I get what appears to be a Visual Studio bug when I compile time test if a type with a default template parameter has some property. In the minimal example below I use std::is_integer.

When compiling the following program with Visual Studio 2017

#include <type_traits>
#include <utility>
#include <algorithm>

template<typename U,
    typename Enabled = typename std::enable_if<std::is_integral<U>::value>::type>
    struct wrapper
{
};

template<typename U, typename storage_type>
using is_small = std::is_void<typename std::enable_if <
(sizeof(wrapper<U, char>) <= sizeof(storage_type))
>::type>;

I get the following output

1>bug.cpp(13): error C2027: use of undefined type 'wrapper<U,char>'
1>bug.cpp(13): note: see declaration of 'wrapper<U,char>'

The same program does compile on g++ 6.1.

The program does compile on Visual Studio when the default parameter Enable is removed. In addition, when I perform the same sizeof(...)<=sizeof(...) test in the following template member function the program compiles fine (with is_small removed).

struct c
{
    template<typename U, typename storage_type>
    typename std::enable_if<(sizeof(wrapper<U, char>) <= sizeof(storage_type))>::value
        foo(U u, storage_type t)
    {}
};

Somehow the issue is related to the definition of is_small.

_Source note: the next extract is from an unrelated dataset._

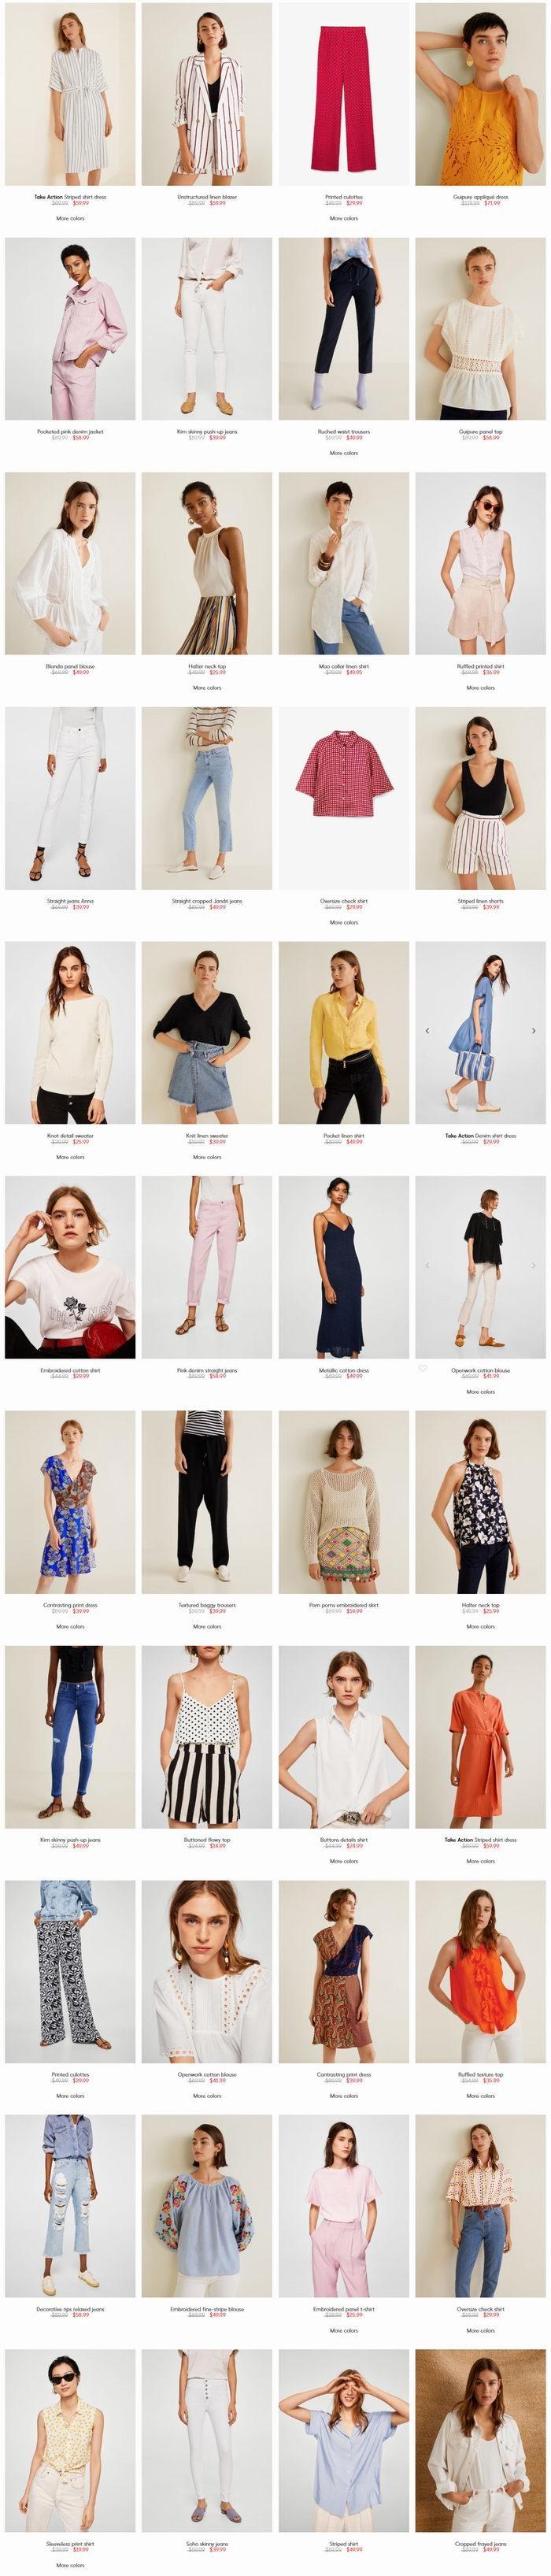 与众不同的漂亮!MANGO特卖区初秋服饰 4.4折起优惠!

Does anyone know what the issue is? Is it a Visual Studio bug? Is there a workaround?

Edit

Reduced version:

template<class, class> struct A { };
template<int> struct B { };

template<class T> constexpr auto x = sizeof(A<T, int>); // works
template<class T> struct C : B<sizeof(A<T, int>)> { };  // works
template<class T> using D = B<sizeof(A<T, int>)>;       // doesn't work

A possible workaround could be to use x instead of is_small.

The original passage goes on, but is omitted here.